Scuole chiuse per le ragazze che vengono riaperte dalle autorità locali, per essere di nuovo chiuse dalle autorità centrali di Kabul. È successo nei giorni scorsi nella provincia di Paktia. Un territorio poco centrale, nell’area orientale al confine con il Pakistan, ma la valenza della partita in corso è cruciale: racconta dei dissidi interni al movimento dei Talebani, ora che dalla guerriglia sono passati a gestire i ministeri, e racconta anche del conflitto sociale nel Paese. Un conflitto più sotterraneo, rispetto a quello militare con i cosiddetti fronti della resistenza e con la branca locale dello Stato islamico, la Provincia del Khorasan, ma ben più importante.

PARTIAMO DALLA CRONACA: circa una settimana fa, le autorità governative della provincia di Paktia hanno annunciato la riapertura di 5 scuole superiori femminili nei distretti di Gardez e di Chamkani, dopo che i consigli tribali e le autorità locali, su pressioni della cittadinanza, avevano dato il via libera alla riapertura.
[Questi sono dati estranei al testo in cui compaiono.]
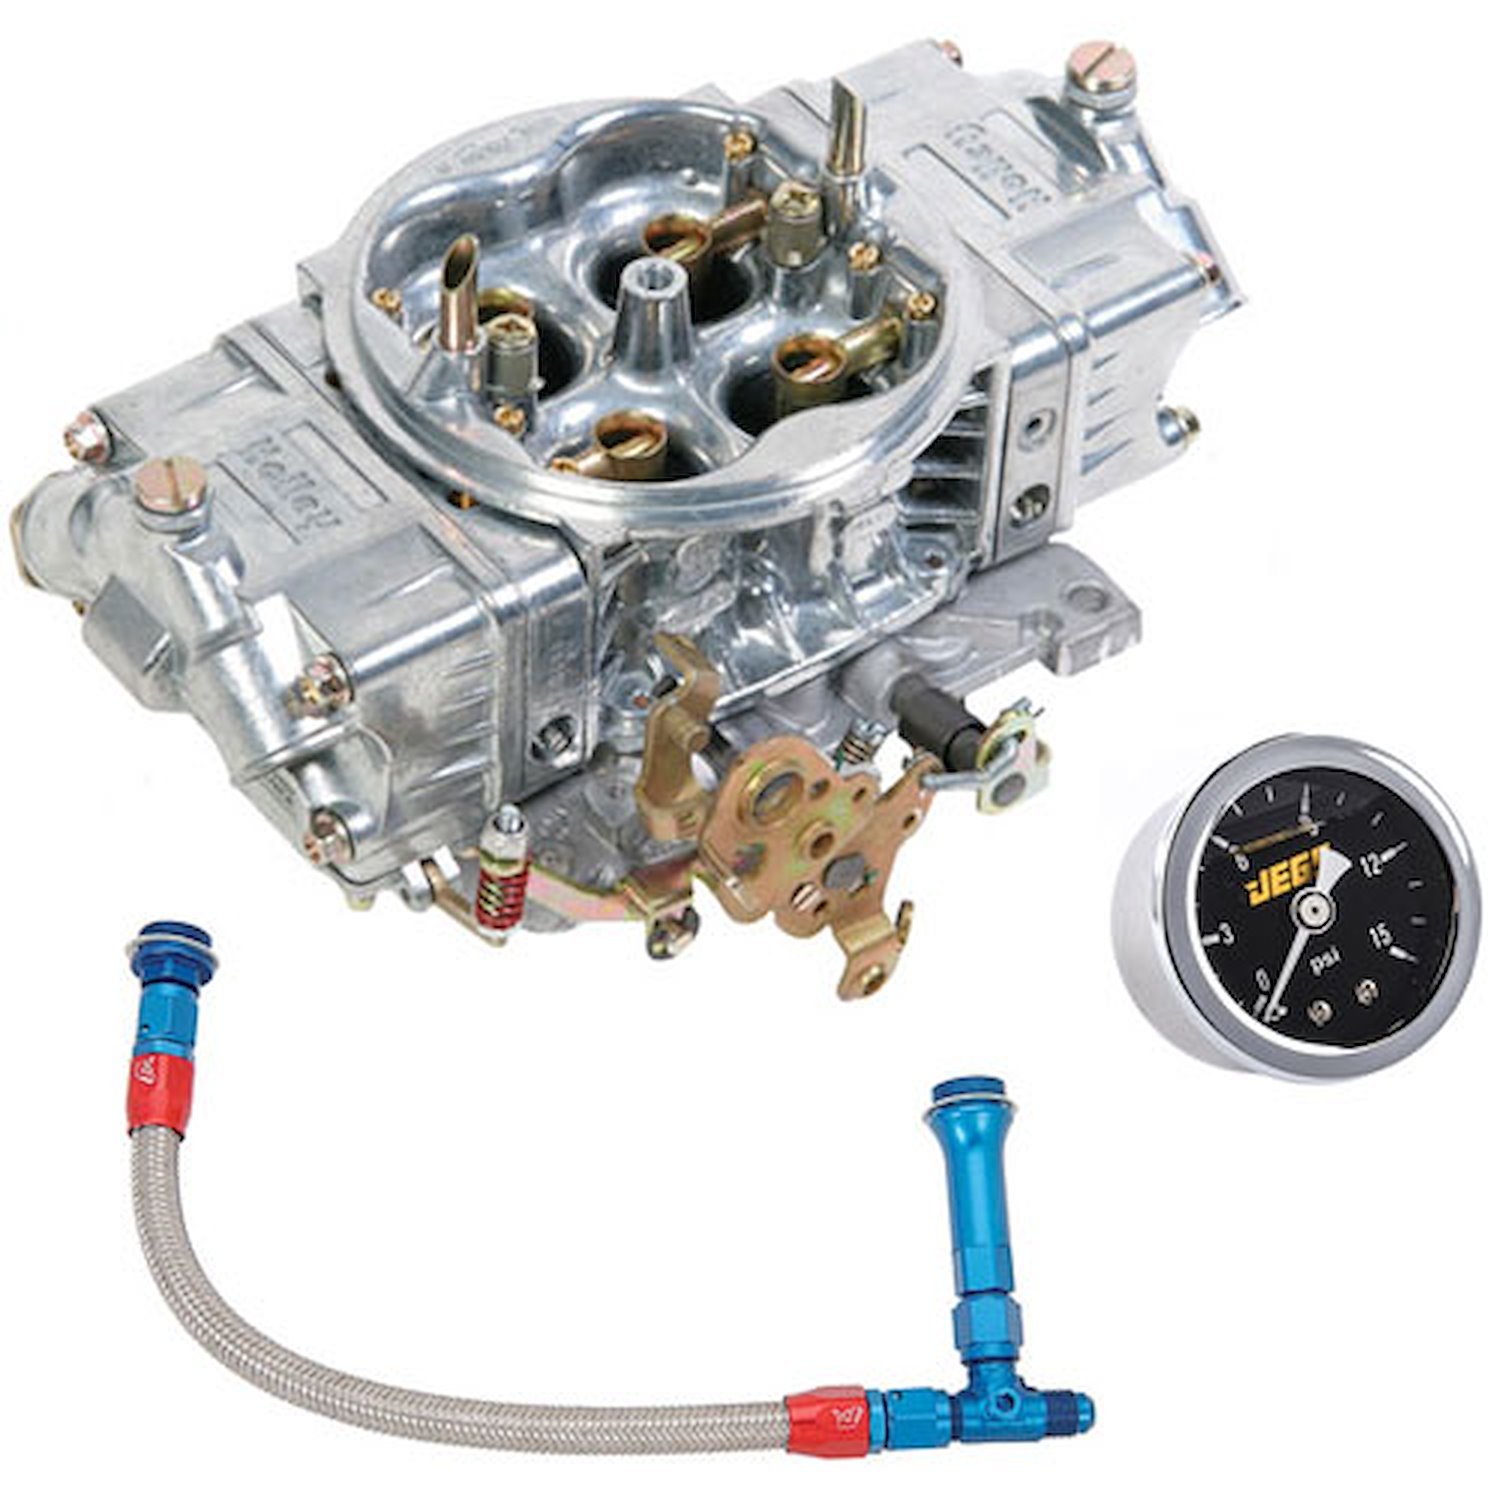 Street HP Carburetor Kit Includes: 850 CFM Carburetor

Nella gran parte dell’Afghanistan, infatti, le scuole superiori femminili sono chiuse da più di un anno. Da quando i Talebani sono tornati al potere. «Nei giorni passati, alcune scuole hanno riaperto e i presidi hanno invitato le studentesse a tornare a scuola». Così ha presentato la notizia Khaliq Yar Ahmadzai, a capo del dipartimento per l’Informazione e la cultura di Paktia.

La notizia non è stata presa bene a Kabul, dove non è mai arrivata la richiesta di autorizzazione. Così, i portavoce dell’Emirato si sono affrettati a dire che ogni decisione di questo tipo deve passare da Kabul, nonostante alcune scuole superiori femminili abbiano continuato a rimanere aperte, in questo periodo, come nella provincia settentrionale di Balkh. Dalle parole, poi, l’Emirato è passato ai fatti: le scuole sono state subito chiuse.

Il 10 settembre, decine e decine di studentesse, con la divisa scolastica, hanno manifestato per le vie del capoluogo provinciale, Gardez, per chiedere la riapertura. Secondo diverse fonti, i Talebani avrebbero arrestato i genitori di alcune studentesse e fermato per ore i giornalisti che hanno dato copertura della manifestazione. A cui è seguita, due giorni fa, la dichiarazione del ministro di fatto dell’Istruzione dell’Emirato: «Nella nostra cultura, nessuno vuole mandare le proprie figlie grandi a scuola». Un’uscita che ha provocato una fortissima reazione in tutto il Paese, dove la richiesta di educazione – ed educazione di qualità – è invece molto diffusa, non solo nelle città principali.

La vicenda riflette uno dei principali limiti dei Talebani: la loro incapacità di riconoscere quanto la società afghana sia diversa da quella che, in tanti anni di guerriglia e clandestinità, addestramento di martiri e attentatori suicidi, hanno immaginato esistesse.

Ma ad emergere è anche un dissidio interno: la riapertura delle scuole è avvenuta infatti a Paktia, tradizionale “feudo” degli Haqqani. Alle spalle stragi e mattanze, all’interno della galassia dei Talebani sono tra quelli che però più spingono per la riapertura. Dietro le 5 scuole riaperte, c’è il loro tentativo di forzare la mano e mettere nei guai, di fronte alla società afghana e alla diplomazia internazionale, il gruppo dei politici del sud, di Kandahar.